> _TO DO_
Leave out the pictures and retype exactly the lines from the line with "Dsquared² Multicolor Floral" through the end of the listing below.
Start of DATA EXTRACT
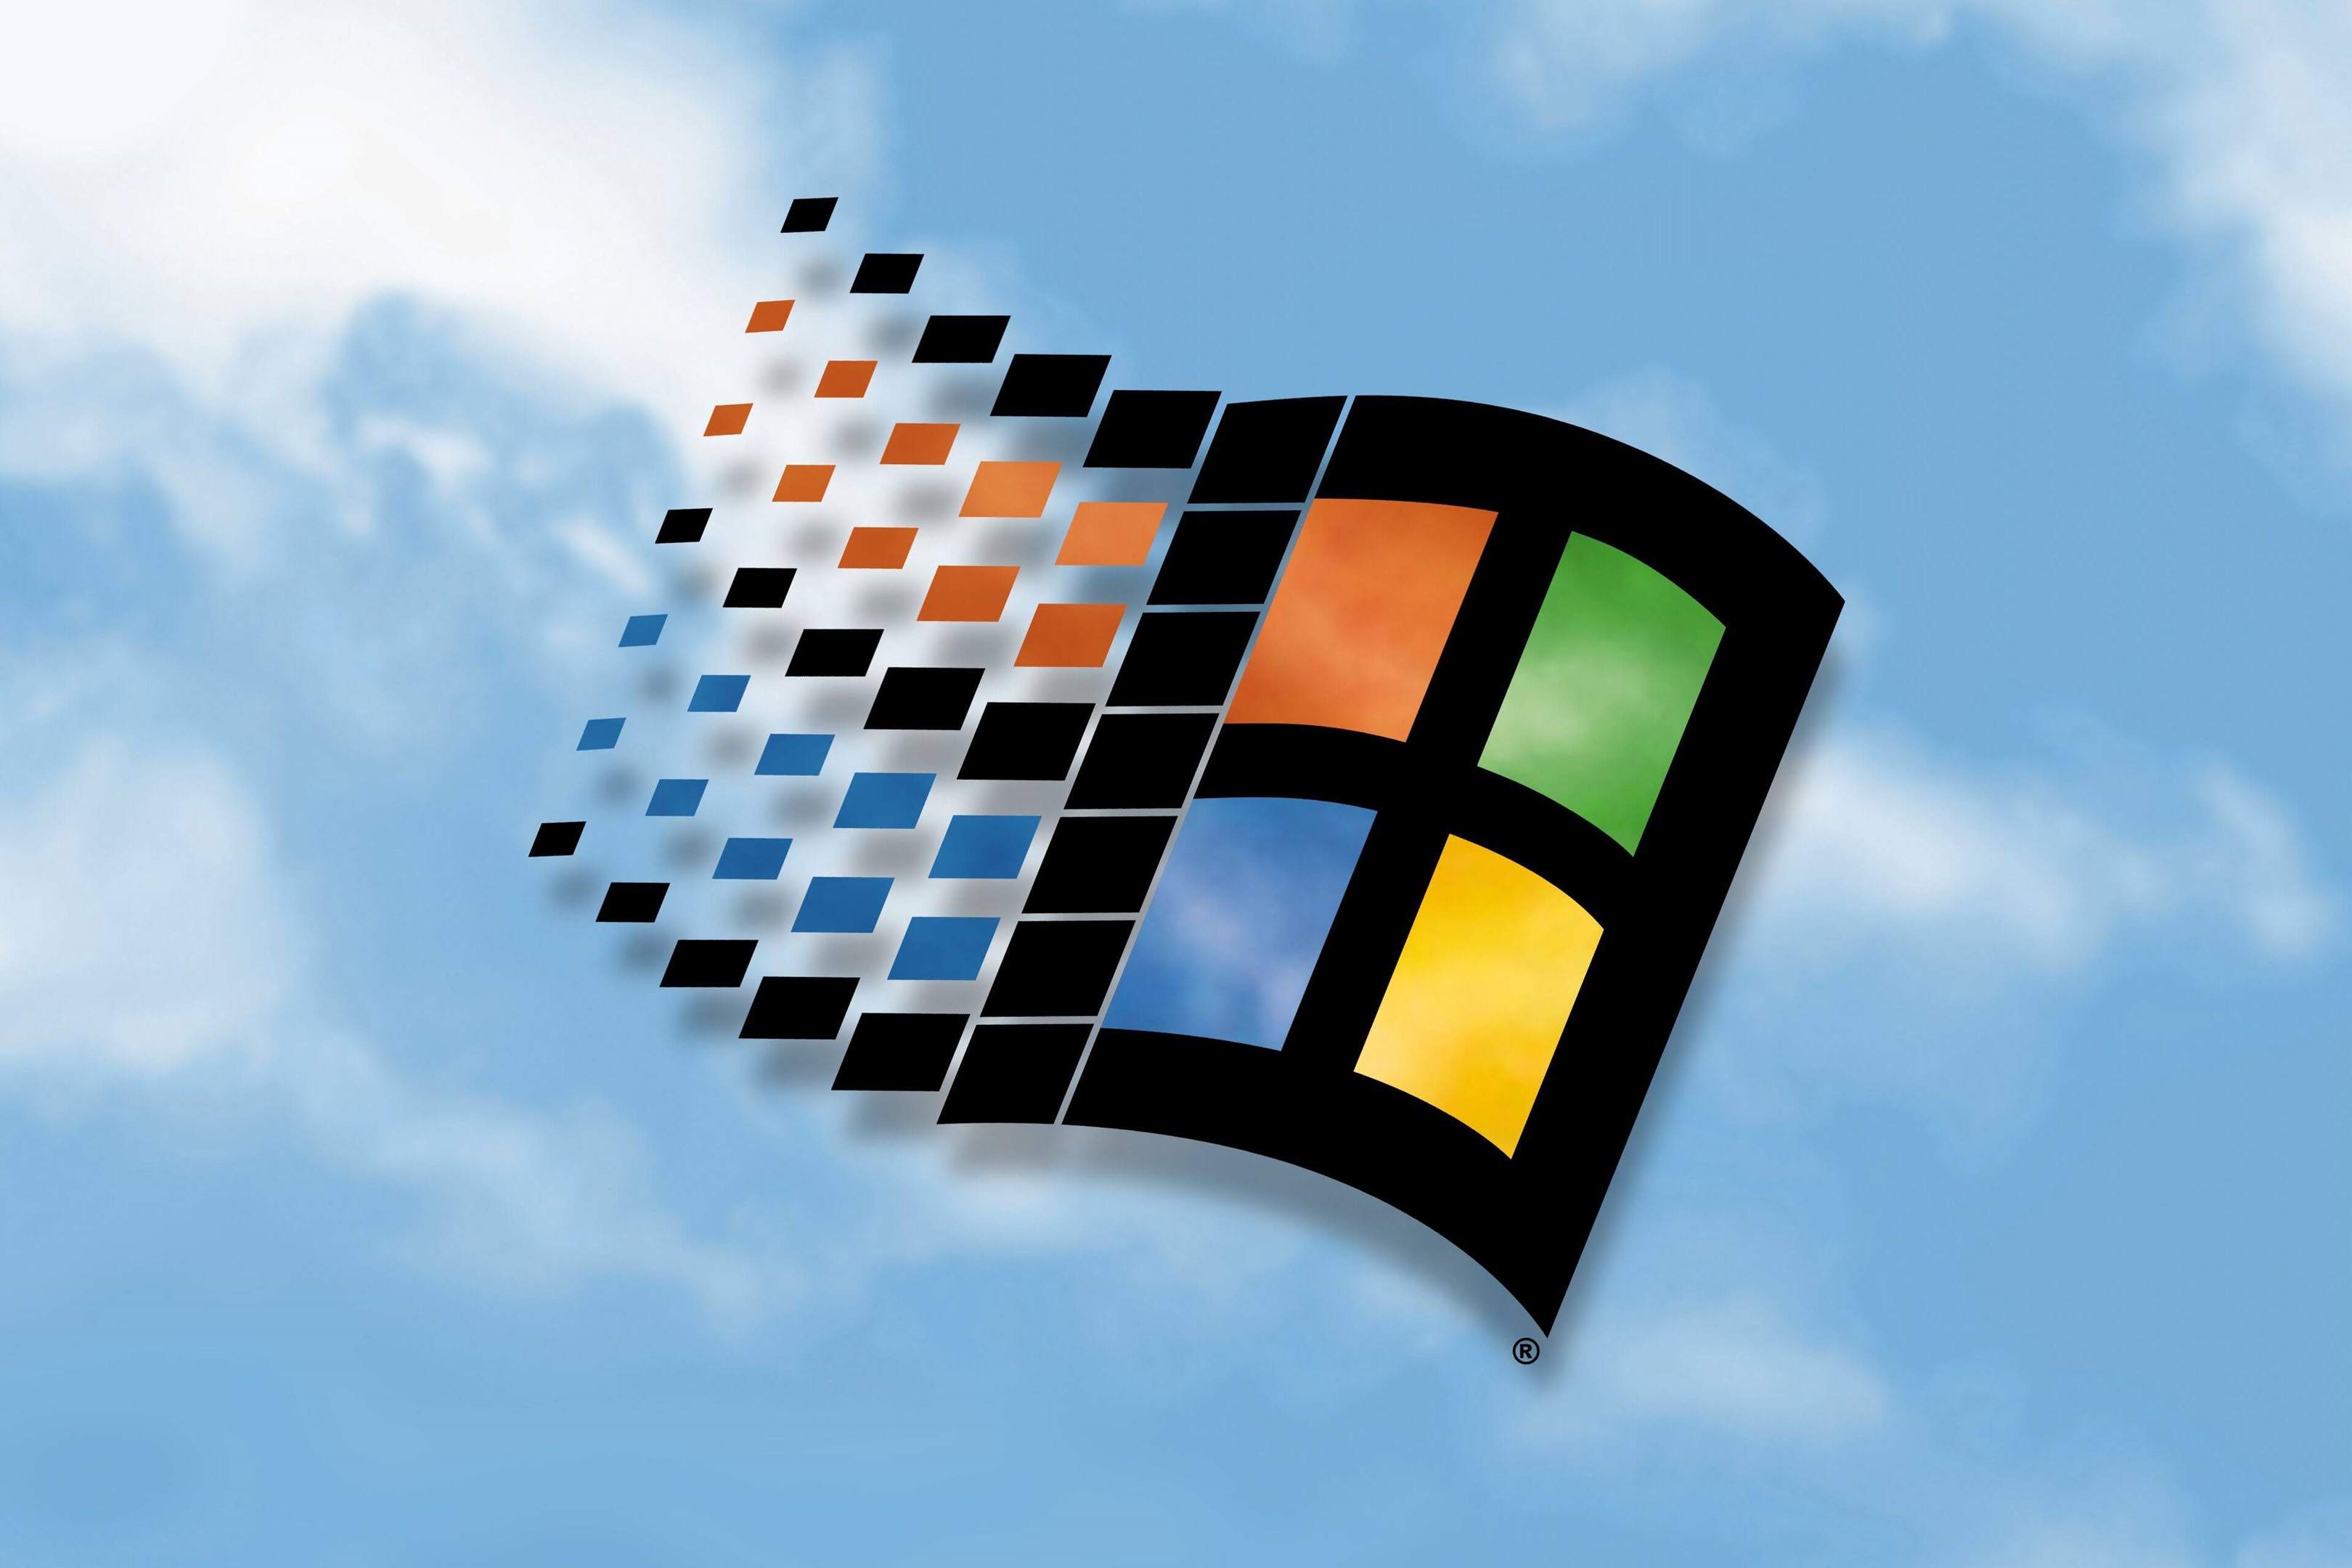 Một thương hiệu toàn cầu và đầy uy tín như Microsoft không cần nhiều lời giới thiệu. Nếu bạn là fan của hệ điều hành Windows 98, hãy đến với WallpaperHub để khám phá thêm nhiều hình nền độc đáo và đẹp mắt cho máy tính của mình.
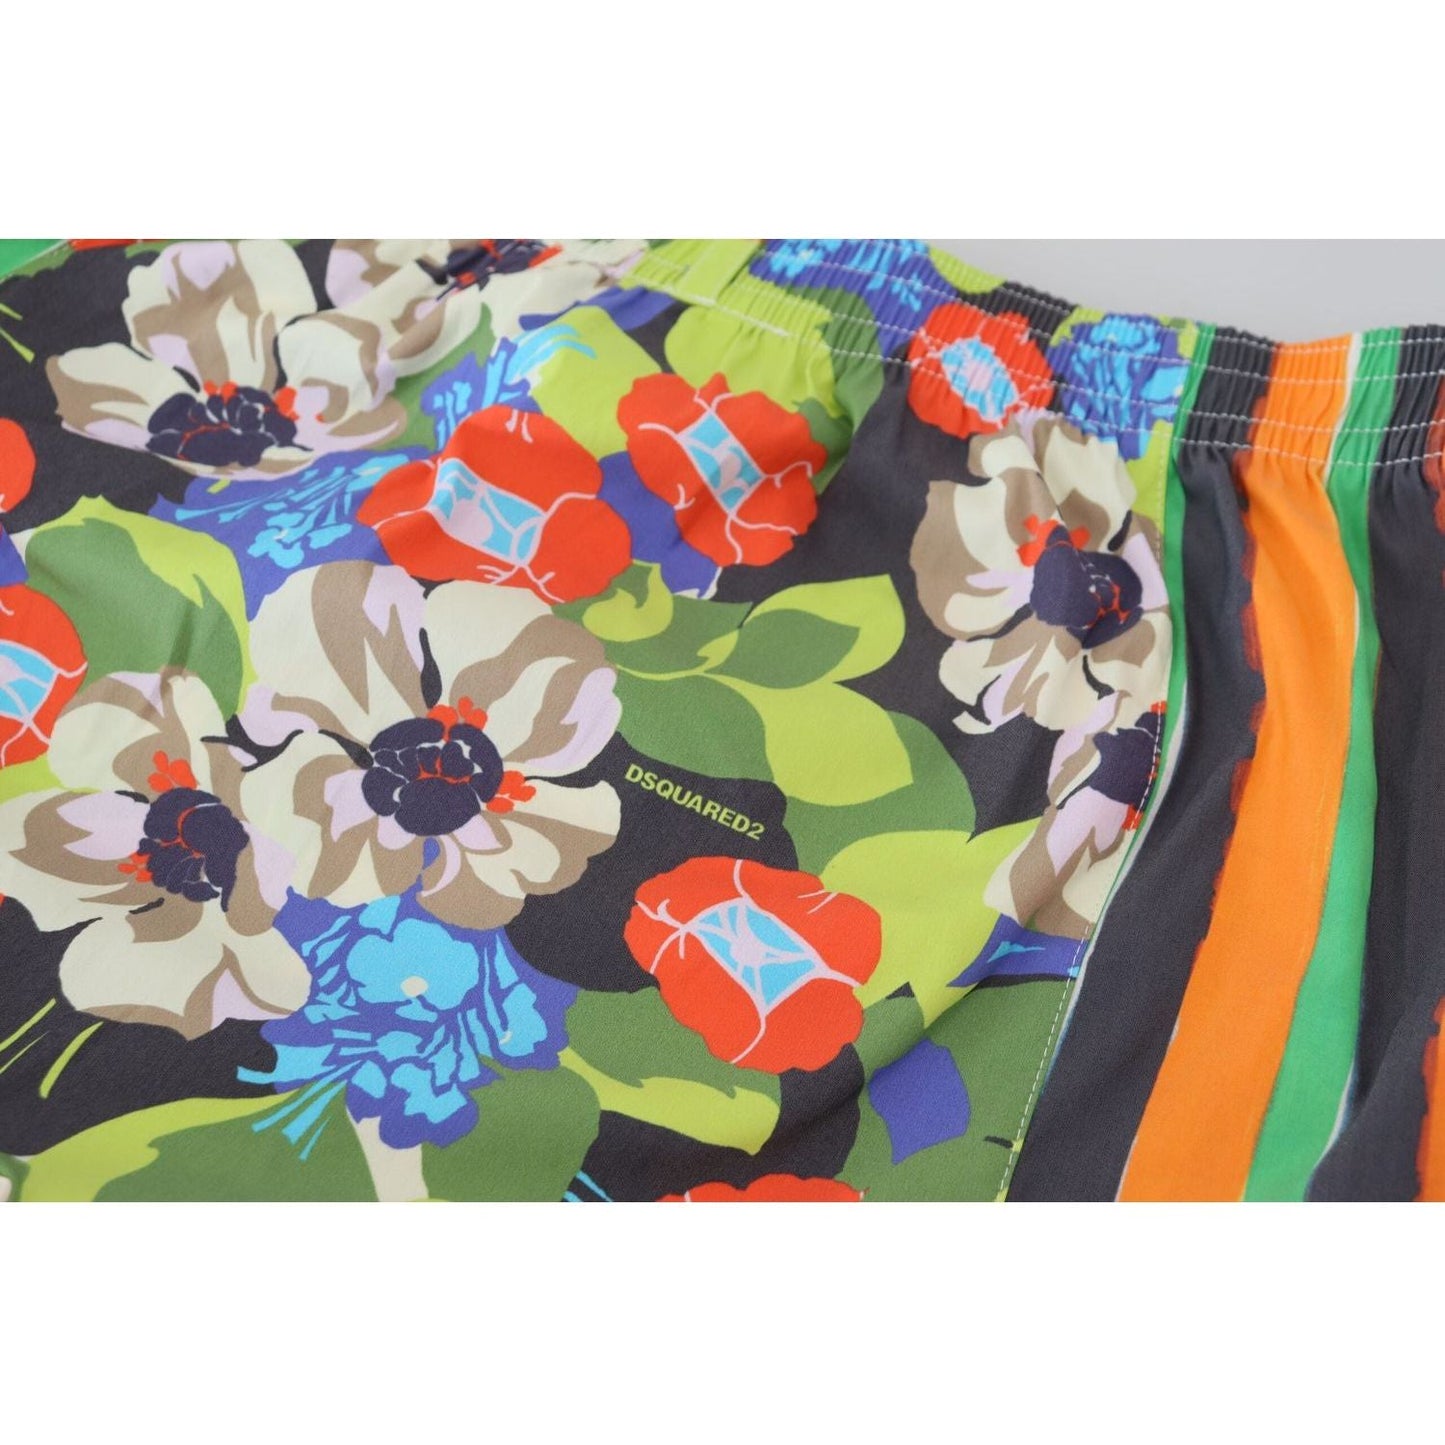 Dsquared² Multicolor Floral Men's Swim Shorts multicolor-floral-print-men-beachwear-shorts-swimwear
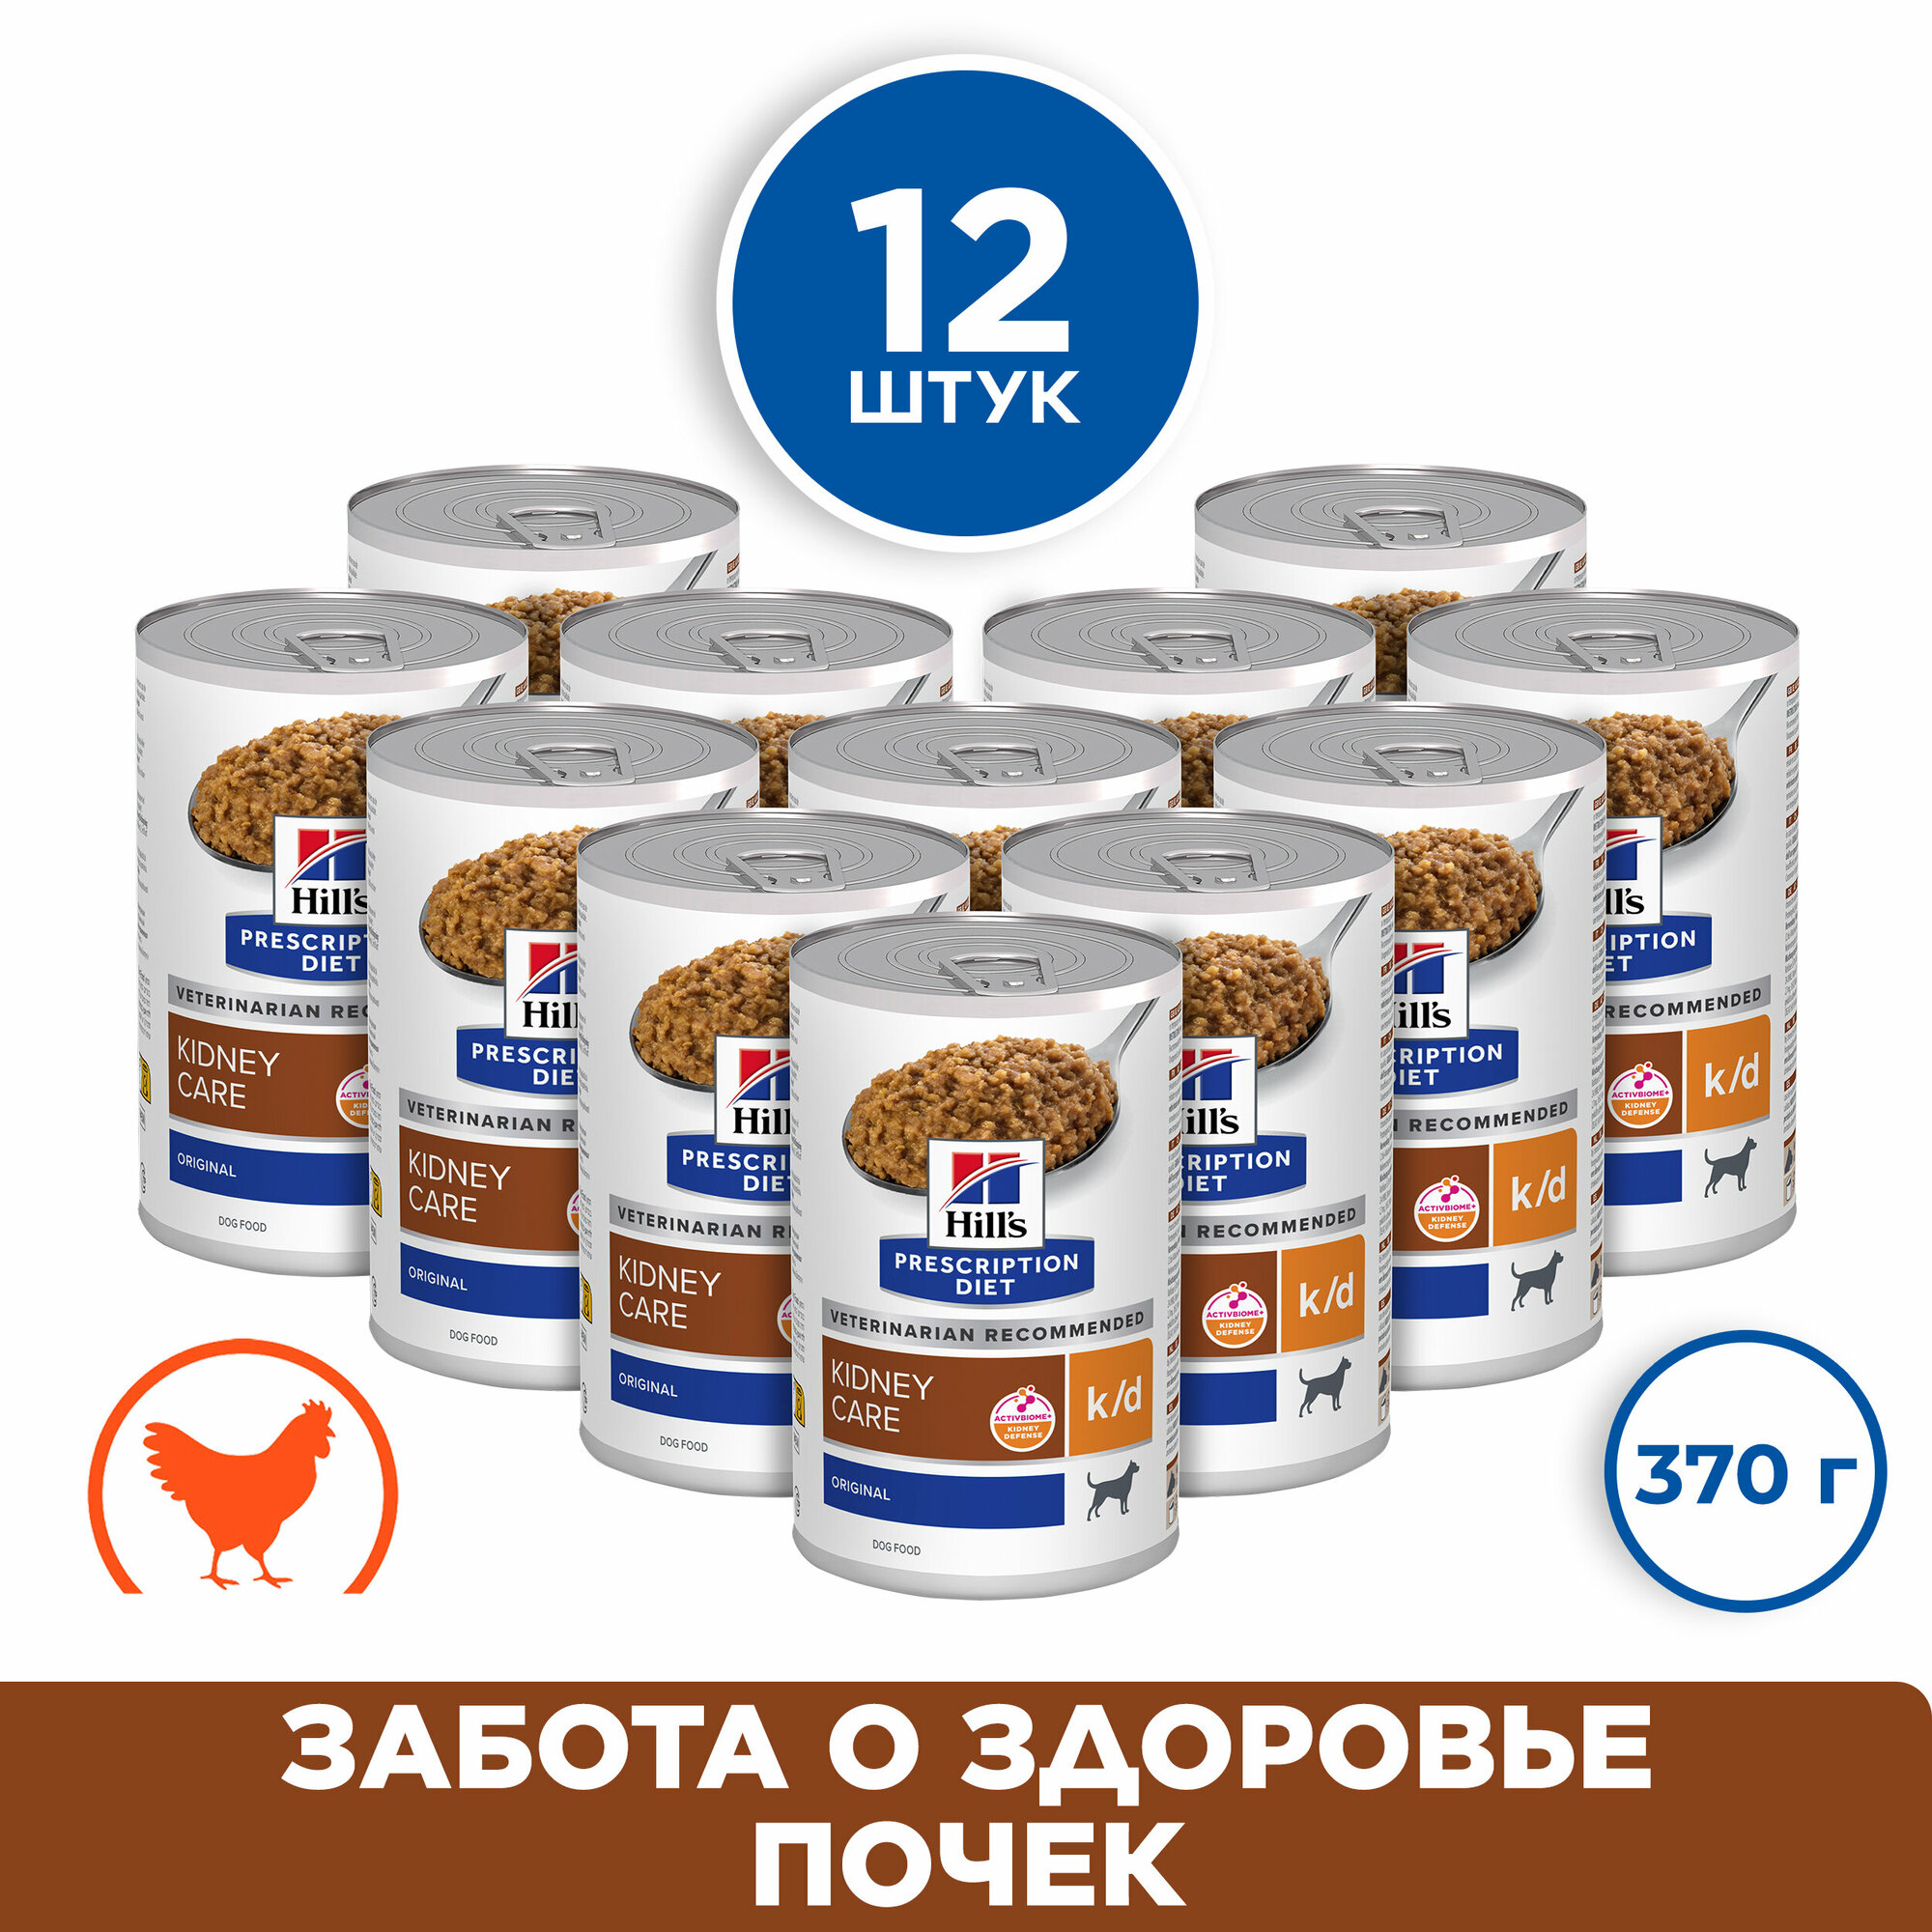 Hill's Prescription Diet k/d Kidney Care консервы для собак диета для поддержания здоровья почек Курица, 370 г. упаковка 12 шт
End of DATA EXTRACT
> _WRITTEN SOLUTION_
 Dsquared² Multicolor Floral Men's Swim Shorts multicolor-floral-print-men-beachwear-shorts-swimwear
 Hill's Prescription Diet k/d Kidney Care консервы для собак диета для поддержания здоровья почек Курица, 370 г. упаковка 12 шт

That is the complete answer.